Что мне очень дорого в Стайнберге? Я остановлюсь здесь не только на «Сексуальности Христа» или его полемических выстрелах в других американских критиков. Я бы сказал о его книгах и статьях, а у него трудно понять, где что, потому что статьи у него доходят до размеров книг, которые посвящены величинам первого порядка.

Все-таки по-настоящему одаренный человек должен обладать еще и дерзостью. И вот Стайнбергу это дерзание мысли было очень присуще. 

Он писал о «Тайной Вечере», он писал о Пикассо, о Веласкесе. Я неслучайно поставил эти три имени вместе, потому что мне очень дороги его работы о «Тайной Вечере» Леонардо да Винчи. Это целая книга, очень сложно построенная и богато иллюстрированная. И вот то, что она богато иллюстрированная, нужно воспринимать именно как визуальную аналитику, не только словесное повествование. Это его брошюра или книга, философский бордель, посвященные авиньонским девкам Пикассо. Сначала это статья в журнале «October», затем еще раз эта статья, но уже с дополнениями Стайнберга. Что за ним водилось, так это то, что он, видимо, был прирожденный дуэлянт и не спускал своим оппонентам. Проходит лет десять, он перерабатывает статью и отвечает по пунктам каждому, причем прицельно его разнося. В этой полемике он, конечно, рос сам, ему это нужно было. 

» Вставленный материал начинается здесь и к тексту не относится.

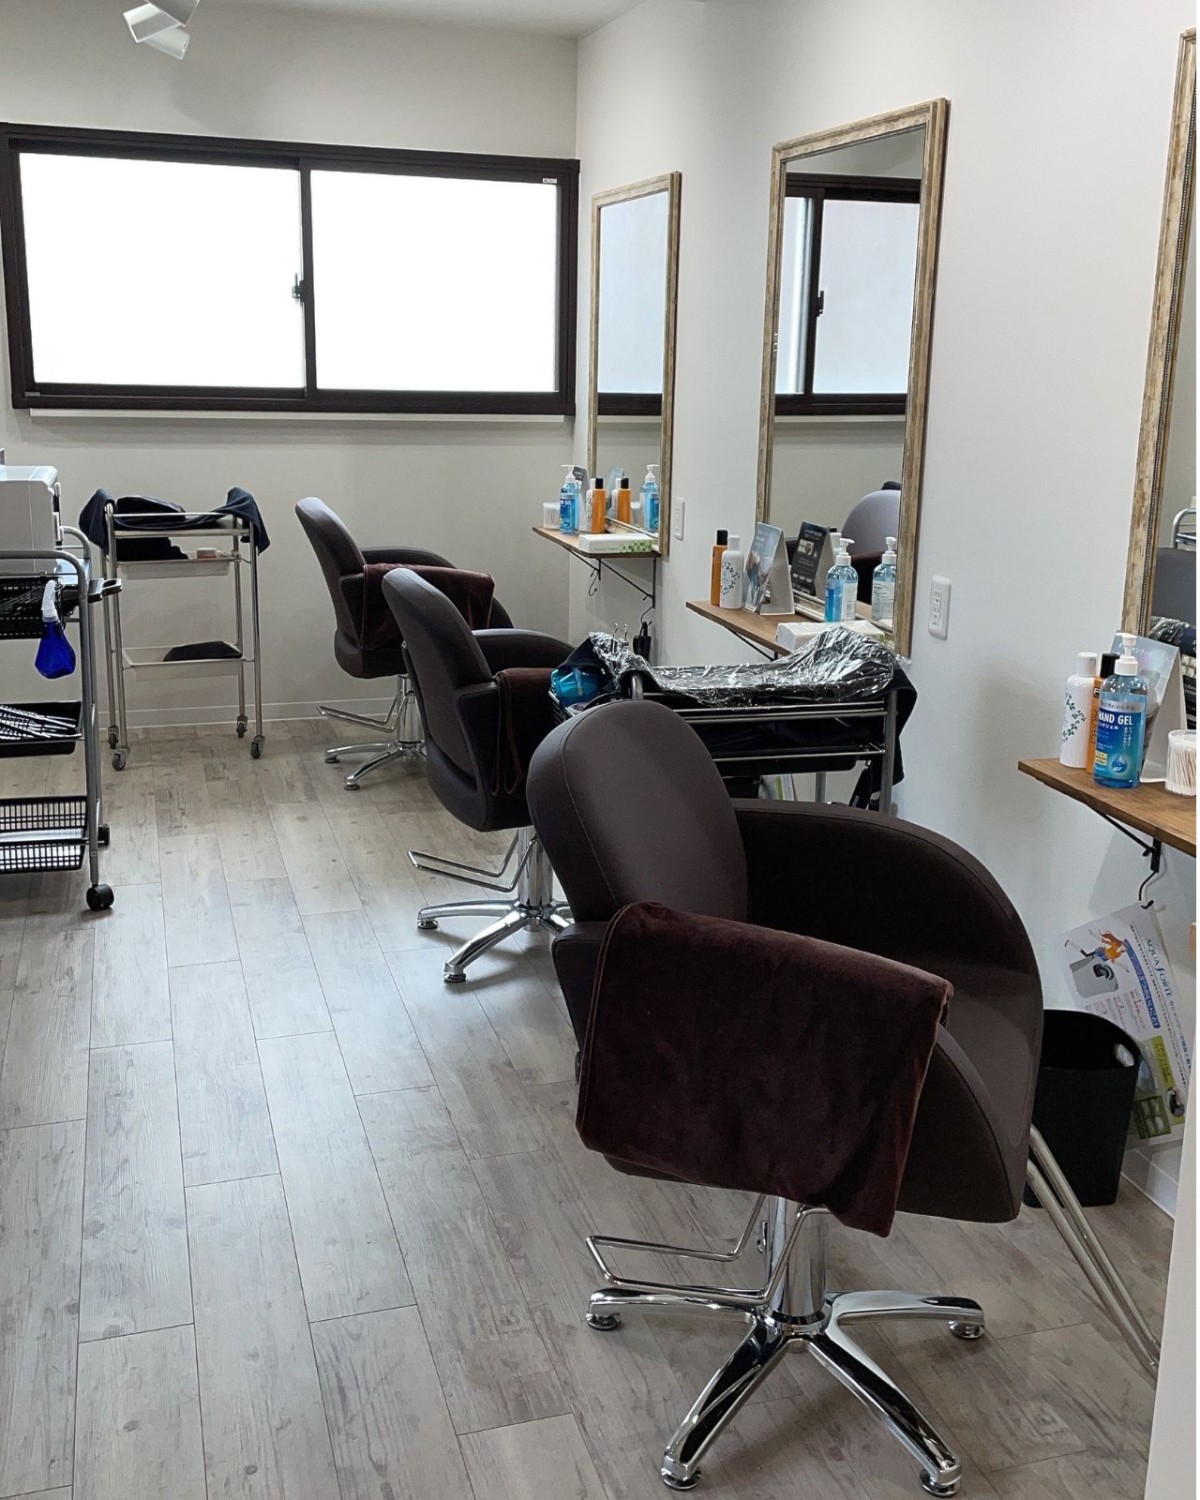 鳥取県米子市にオープンしたヘアカラー専門サロン『髪染屋』の店内の様子

Как и другой здравствующий, дай Бог ему здоровья, великий интеллектуал современности, – Карл Гинзбург. Его ведь хлебом не корми, дай ответить на вопросы. Ему важна не только лекция, а именно разговор. И это статья Стайнберга о «Менинах» Веласкеса. Это поворотные вещи, классические.

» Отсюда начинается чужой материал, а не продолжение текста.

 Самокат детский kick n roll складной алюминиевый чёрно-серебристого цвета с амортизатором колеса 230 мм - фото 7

Как говорит Марк Твен: «Классической называется книга, которую все хвалят, но никто не читает».

Мы знаем по умолчанию про эти картины, о чем они нам говорят. Со времен Гёте, который эту фреску не видел, но написал очень влиятельное эссе по гравюре одного немецкого художника. Мы знаем про фреску «Тайная Вечеря», что она изображает психологическую реакцию апостолов на слова Христа: «Один из вас предаст меня». Стайнберг обращает внимание еще и на то обстоятельство, тоже, в общем, очевидное, что перед нами момент учреждения евхаристии – центрального таинства христианства. И затем, на протяжении этой книги он показывает, что эти два аспекта: один, раздутый современным, светским восприятием искусства, и другой, почти умерший, потому что мы перестали воспринимать Леонардо как религиозного художника. Он показывает, насколько эти два аспекта обуславливают друг друга и насколько они неразъемны в этой проблемной фреске.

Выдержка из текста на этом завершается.